Indian scientists create world’s first AI-designed gene editor for crops – Image for illustrative purposes only (Image credits: Pexels)
New Delhi – A team of Indian scientists has developed what appears to be the first gene-editing tool created entirely through artificial intelligence and specifically optimized for use in plants. The advance, reported this week, builds on earlier AI work from the United States but adapts the technology for agricultural applications where existing tools have often fallen short.
From Protein Design to Plant Performance
The new editors, referred to as plant-optimized AI-designed nucleases or PAiD, were trained on large datasets of CRISPR-like proteins. Researchers then tested them directly in crop species. Early results show the tool can perform several types of precise DNA changes, including gene knockouts, base editing, and prime editing, at levels comparable to the widely used SpCas9 system. Unlike conventional CRISPR tools that rely on bacterial proteins, this version was generated from scratch by algorithms. That approach allowed the team to tailor the protein’s size, specificity, and activity for plant cells, where delivery and expression can be more challenging than in animal or bacterial systems.
Why Plants Needed a Different Approach
Standard gene editors often require extensive optimization before they work reliably in crops. Delivery methods, temperature sensitivity, and off-target effects have limited their use in agriculture. The Indian team addressed these issues by designing the nuclease with plant biology in mind from the outset. Tests across multiple plant loci demonstrated consistent editing efficiency without the need for major modifications. The compact size of the AI-designed protein may also simplify delivery through viral vectors or other methods that avoid tissue culture, potentially lowering costs for breeding programs.

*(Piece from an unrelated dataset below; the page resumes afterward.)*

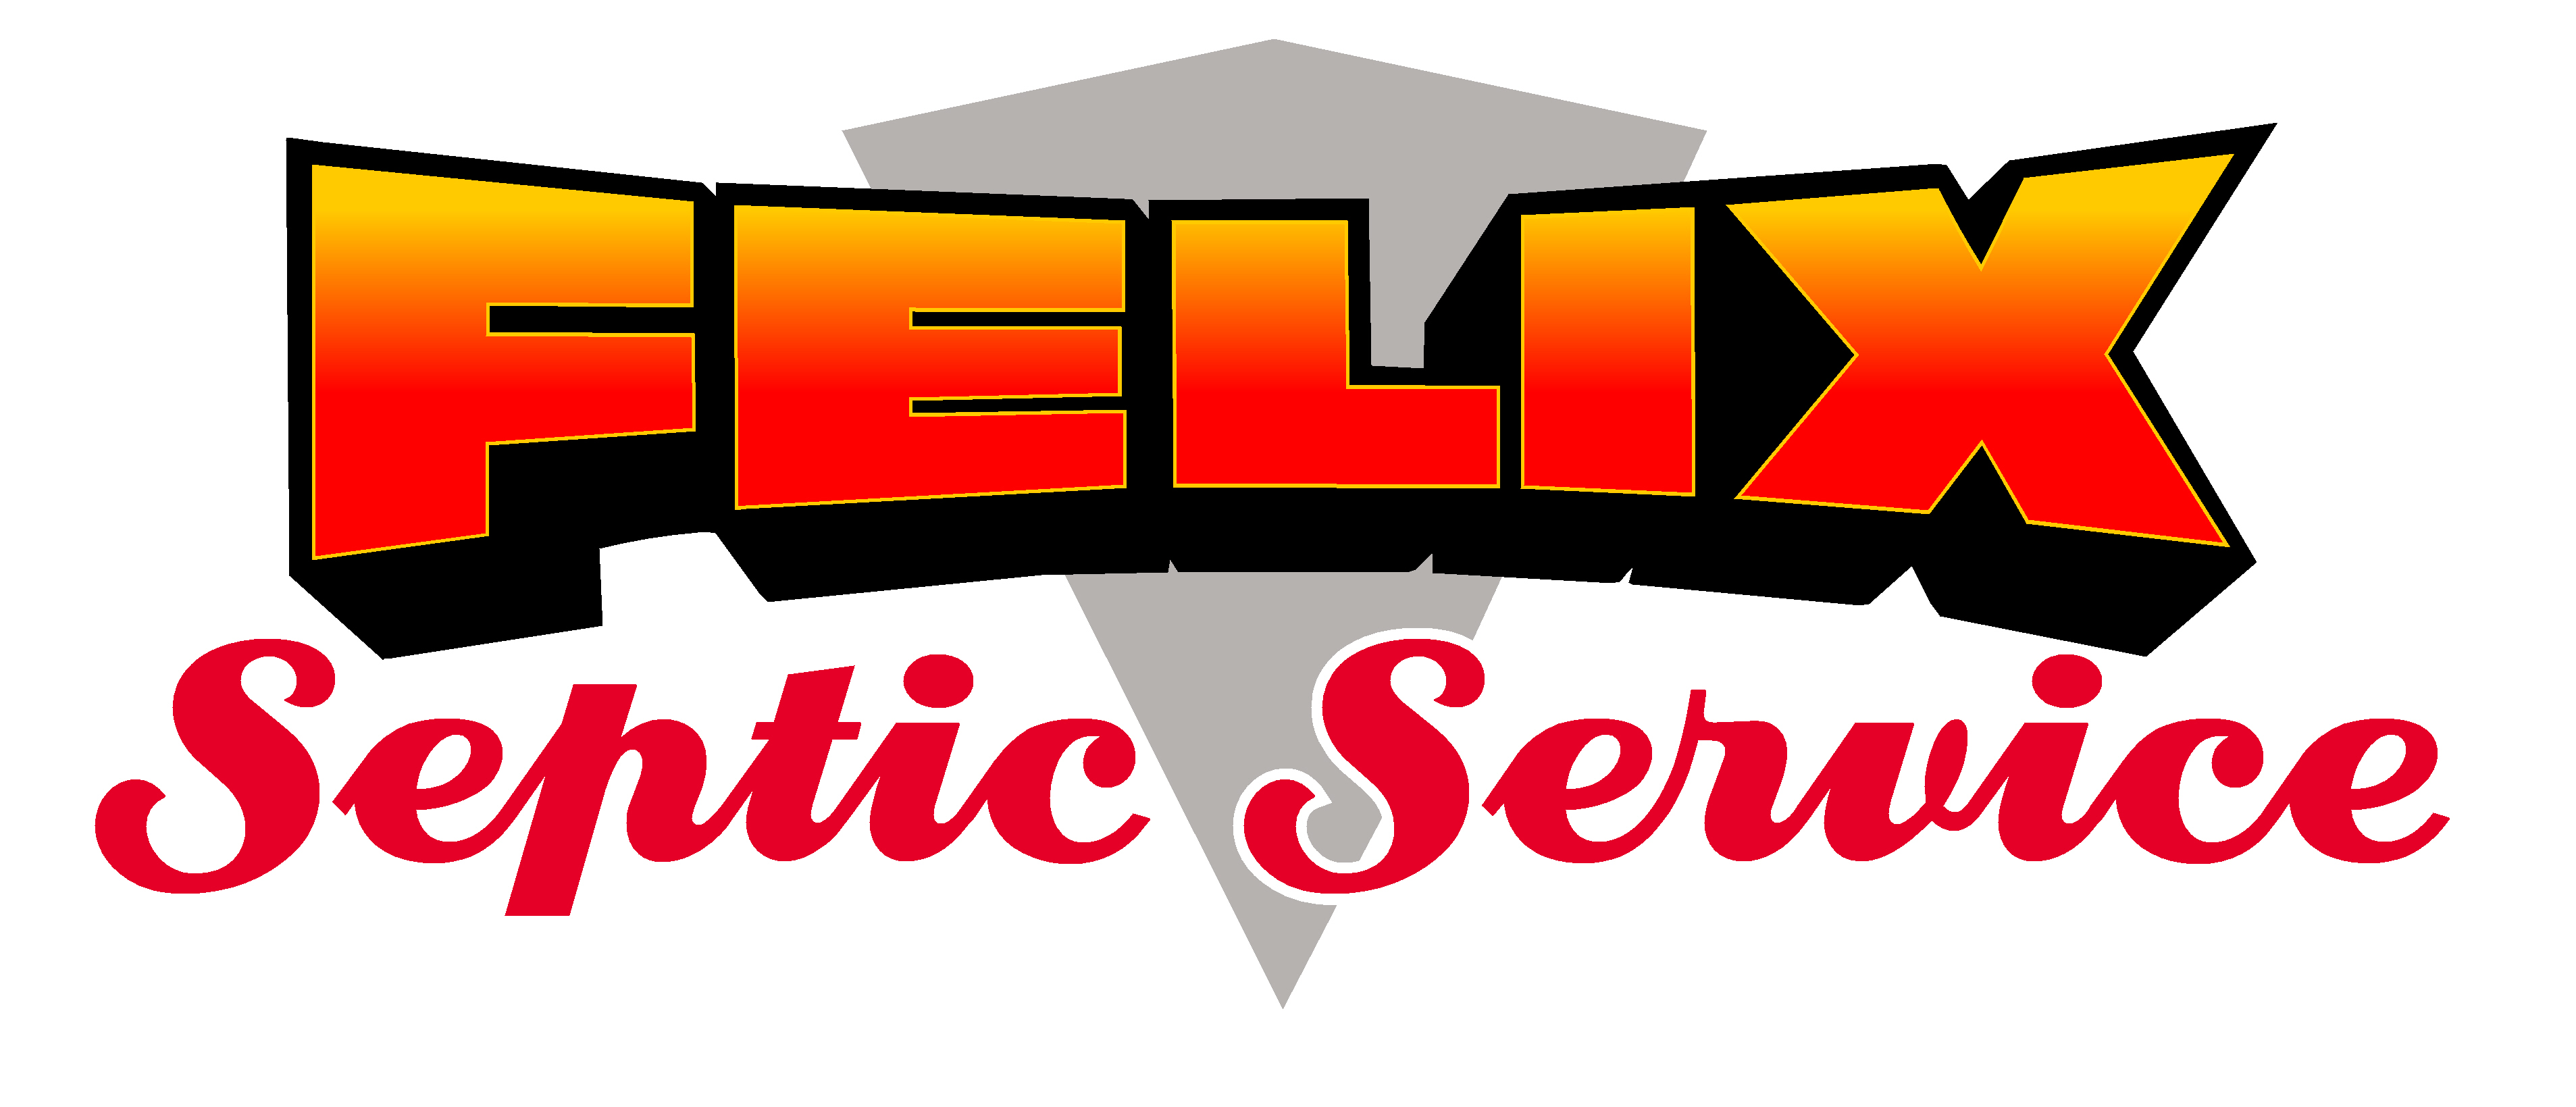 Felix Septic Service          Septic System Inspection Report
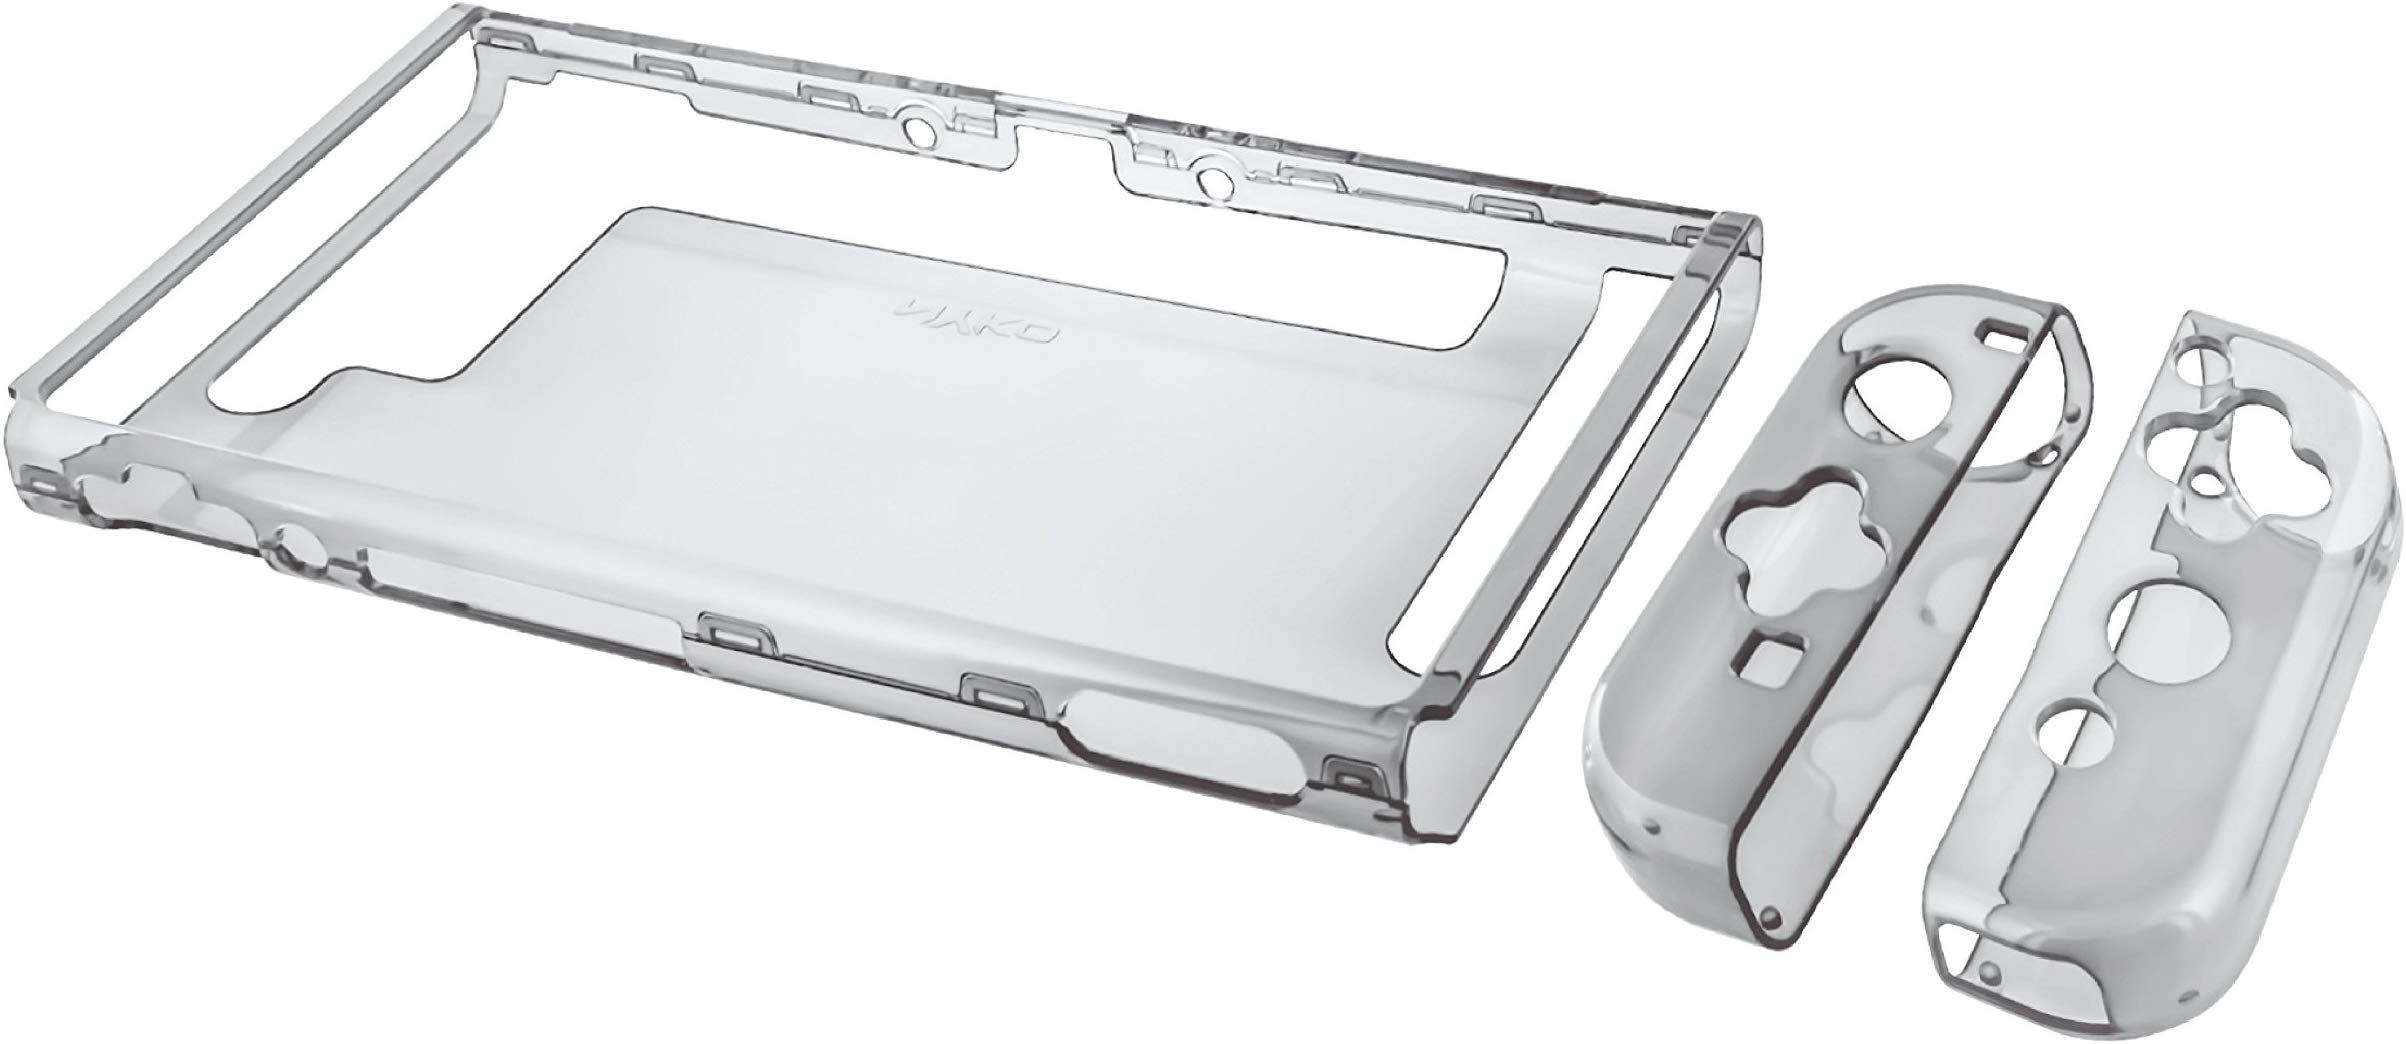 nintendo switch case clear

Broader Implications for Crop Development
If further validated, the technology could accelerate the creation of varieties with improved drought tolerance, disease resistance, or nutritional profiles. Because the editor is derived from AI rather than natural bacterial sequences, it may also reduce regulatory and intellectual-property hurdles that have slowed adoption of genome-edited crops in some regions. The work remains at the research stage. Additional field trials and safety assessments will be required before any commercial varieties reach farmers. Still, the demonstration that AI can produce functional, plant-ready gene editors marks a notable step toward more customized tools for sustainable agriculture.